But not if he’s being played by Patrick Stewart.

3. Adam Gellin from I Am Charlotte Simmons

It’s been awhile since I read this book, and even though a good deal of the characters were A-list asshats in the book, the one I was the most angry at was Adam Gellin. “But he’s supposed to be the nice guy! Who helps Charlotte! Who doesn’t take advantage of her!” I call BS on this theory.

In the book, Charlotte is a girl who is far more innocent than she really has any business being in this day and age (because, hello, internet? Even if you’re a virgin, the world is saturated with sex–wait, that doesn’t sound right). She’s a terribly smart girl who goes off to college completely dumb about the world of men and sex. She gets taken advantage of by a popular jerkwad, who tricks her out of her virginity. Adam, who is supposed to be her friend, helps her through her hard times by letting her sleep in his bed when she’s cripplingly depressed (totally innocently, supposedly).

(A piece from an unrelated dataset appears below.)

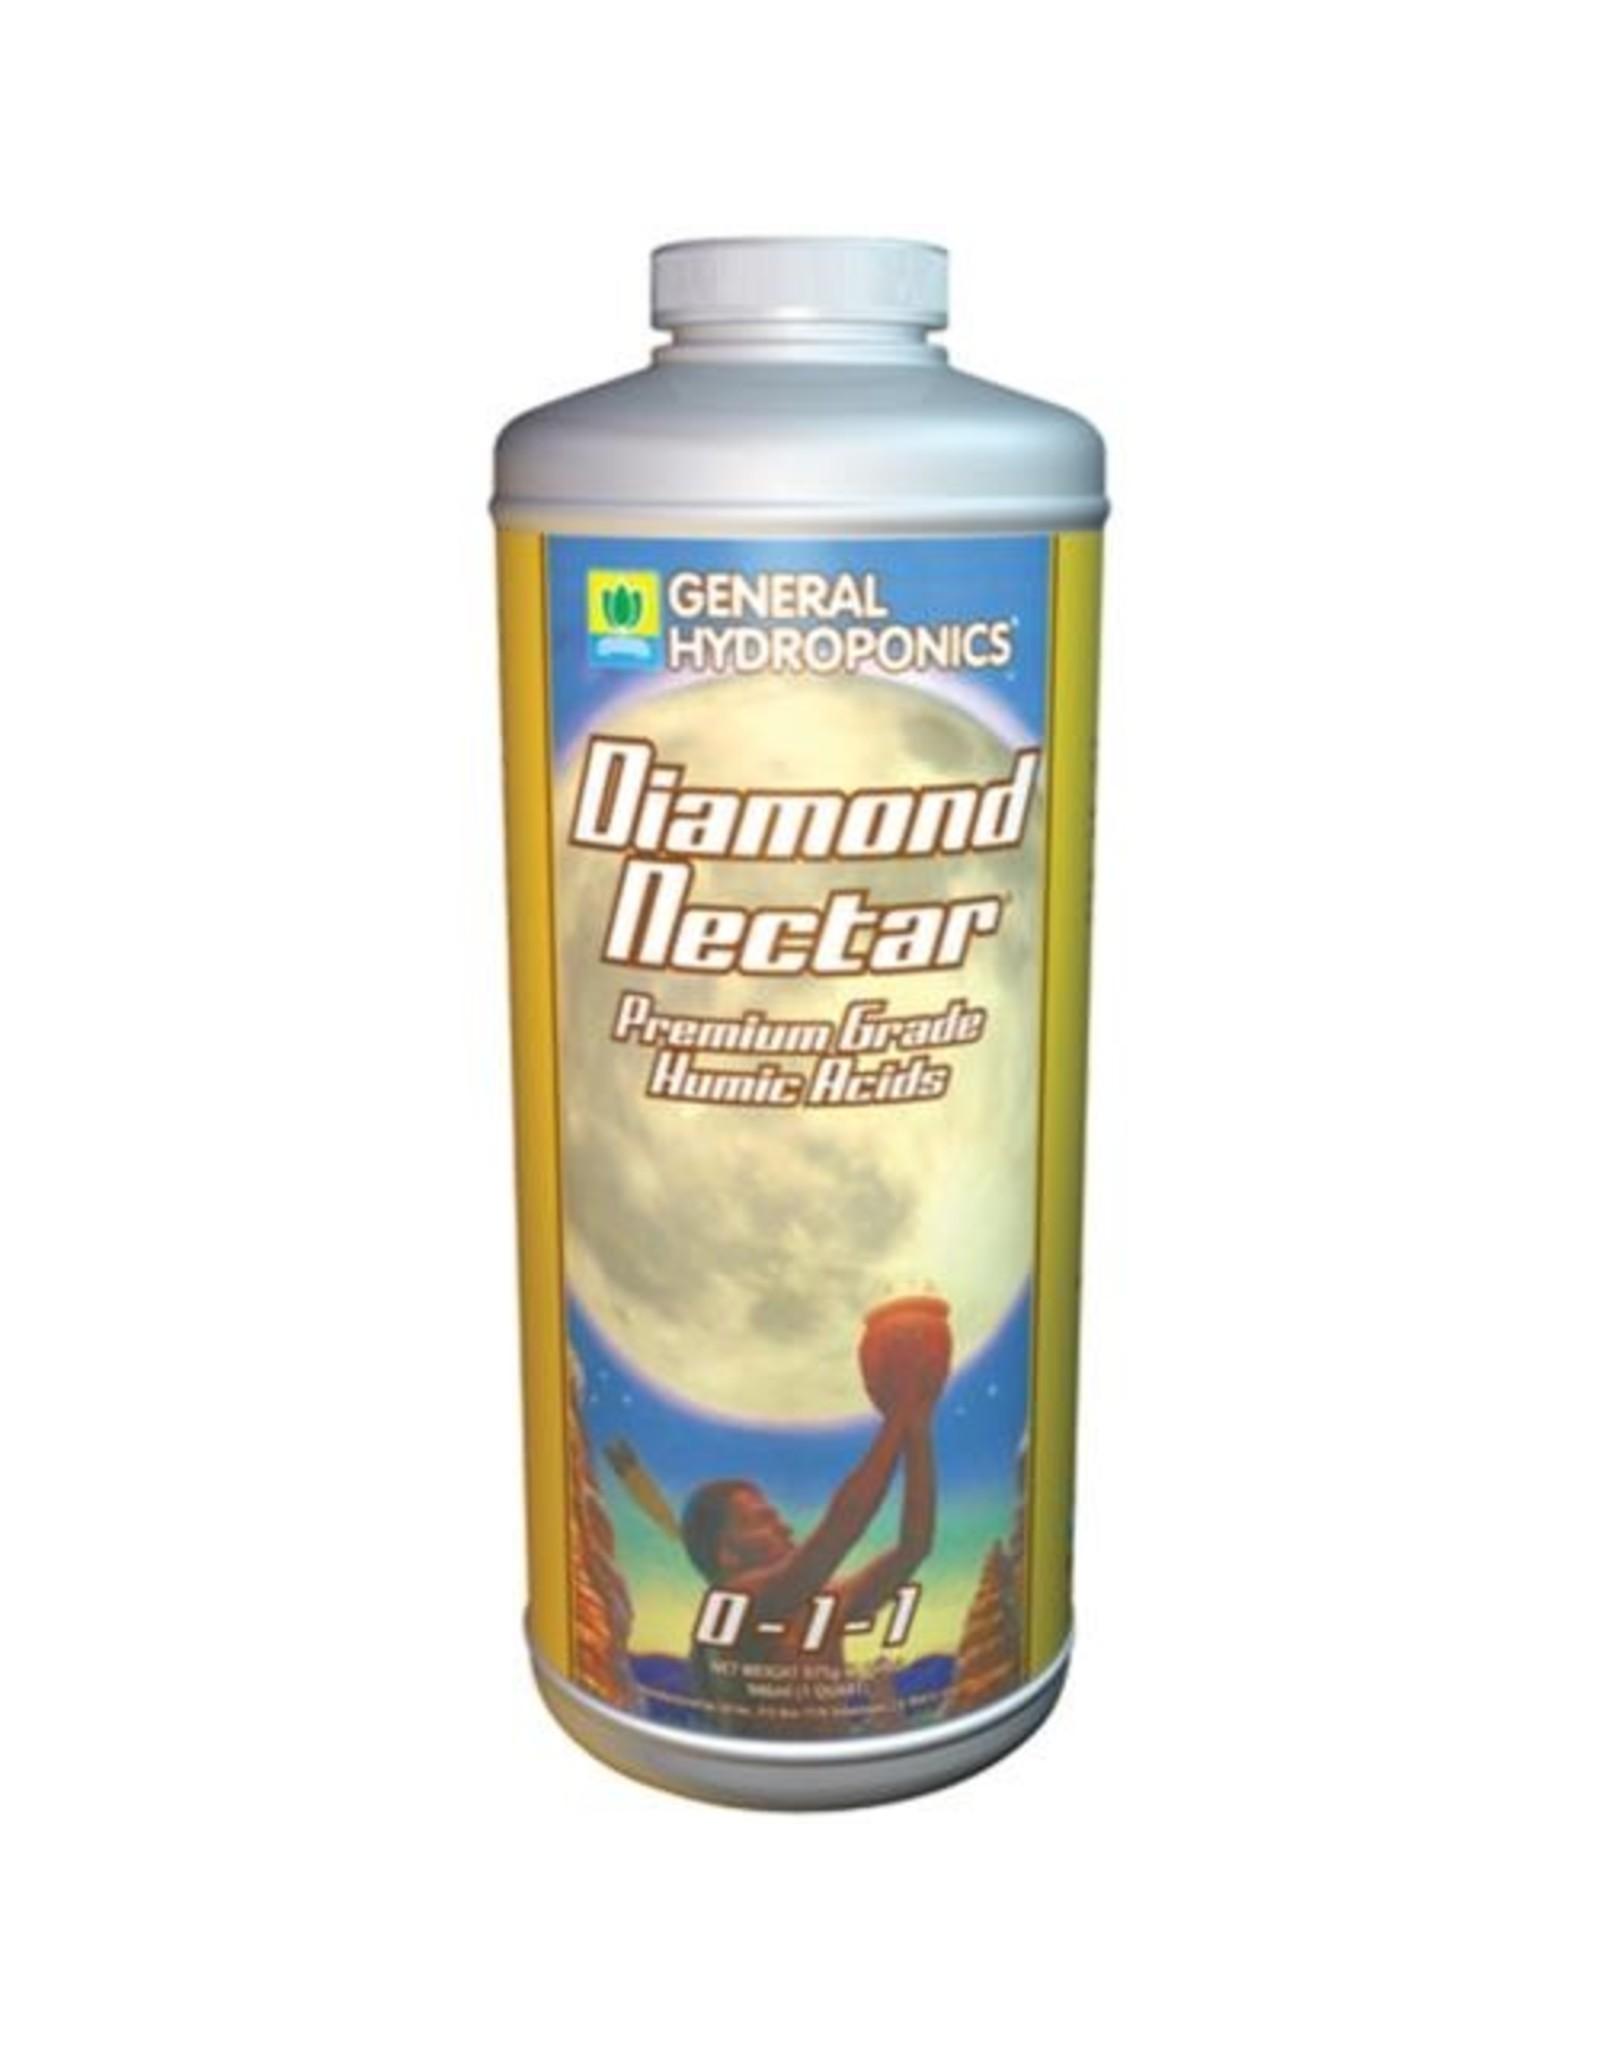 General Hydroponics GH Diamond Nectar - qt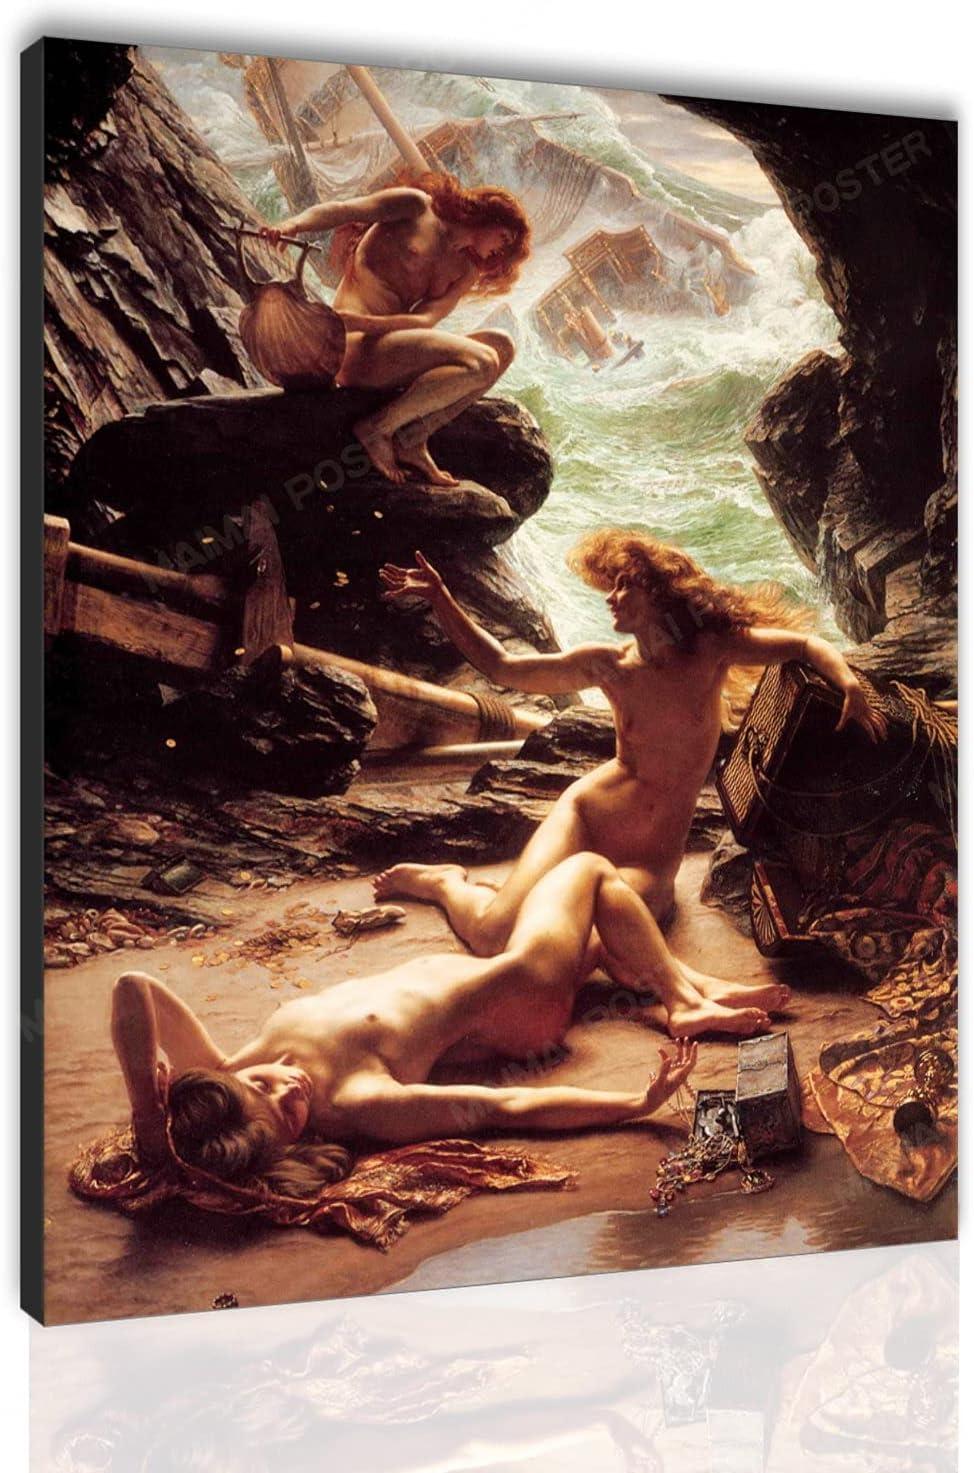 Female 日本製 Body Art Poster Vintage 祝開店大放出セール開催中 W Nude Painting Oil

But wait! Adam has the major hots for Charlotte. So, his taking care of her is not exactly altruistic. And even though she is not interested in Adam, he tries to manipulate her later by having his own “breakdown” and whining that he needs to be taken care of. He took care of her, after all! But Adam is not cripplingly depressed. He’s being a whiny asshole and taking advantage of her kindness so that she’ll pay attention to him.

Why can’t you just love me? Or, barring that, sleep with me? WHY?

Adam is also far too obsessed with having sex with Charlotte. Which is the same problem that she’s having with the other douchebags in her life, who are really only different because they’re more aggressive than Adam. If Adam had the balls that those other guys had, he’d probably have tricked her into having sex with him, too. Or rather, succeeded in manipulating her into having sex with him.

I hate him the most because he’s supposed to be the nice guy. But he’s a douchebag in nice guy clothing, which is the hardest douchebag to spot before it’s too late.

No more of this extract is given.